I thank all who took the time to answer and list the replies below:
Dr D N Lambrou replied:
Obviously you can analyse the number of occurences using
a Poisson regression, where area, streat and year are modelled as
factors. Any package handling Generalized Linear Models
could do easily the job for you.
The only difficulty with the above approach is that you have the "zero
inflation" problem.
There are two ways in avoiding this difficulty, i.e. the "zero inflated"
count model and
the finite mixtures model.
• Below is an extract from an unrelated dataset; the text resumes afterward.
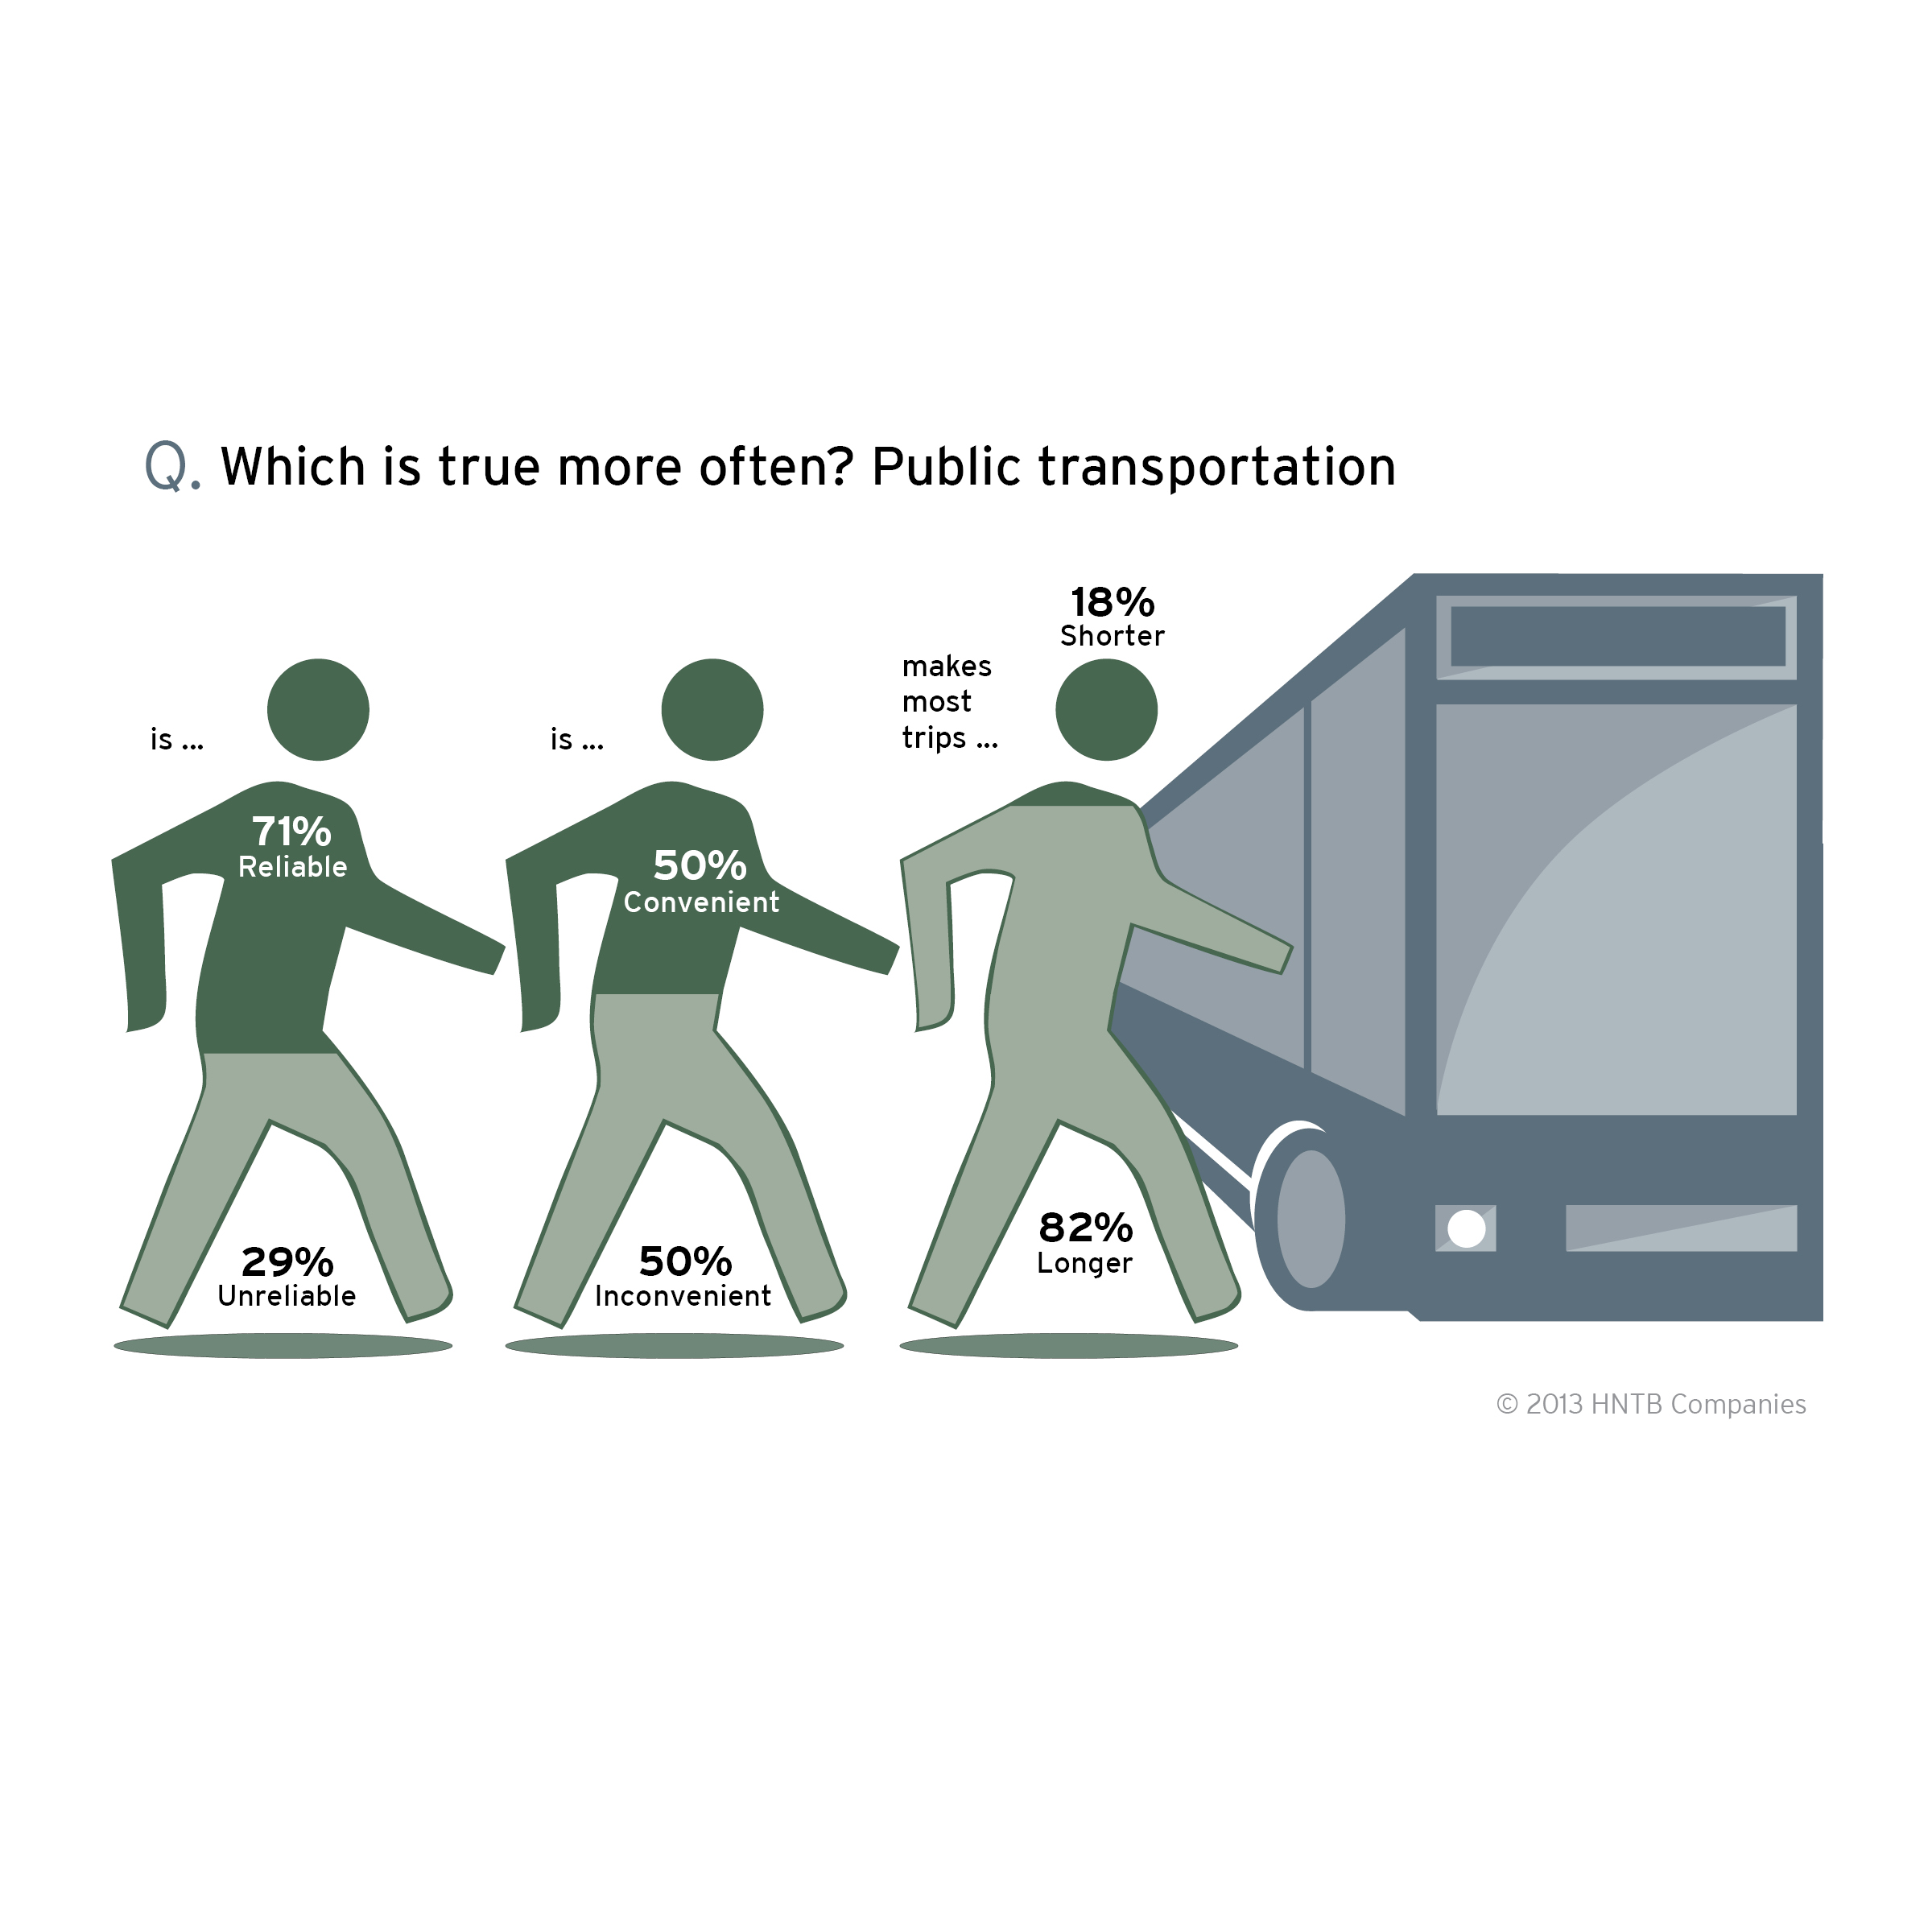 According to a recent HNTB survey, many Americans see public transportation as reliable (71 percent), half (50 percent) see it as convenient, but most see it as a longer (82 percent) ride.

Useful discussion about these approaches can
be
found in "Regression Analysis
of Count Data" by Cameron & Trivedi and published by Cambridge
University
Press (Ch 4, I think).
Another useful reference is "Modeling Frequency & Count Data" by
Lindsey and
pulblished by Oxford
University Press.
Paul R. Swank, Ph.D. replied:
It looks to me like a zero inflated Poisson (or ZIP) model. The event is
modeled as following one of two distributions, binomial for yes, no
and, if
this is yes, then poisson for the number of observations. This is a
difficult model to run. I have run it on SAS using NLMIXED and figure it
might be done with Mlwin.
Liz Hensor replied:
Although I am no expert, having only just started out in the field of
statistics, it sounds to me as though you require a three-factor mixed
ANOVA, with two between-subjects factors (AREA, STRAIN) and one
within-subjects factor (YEAR). I would be interested to receive copies
of any other advice you receive, please.
|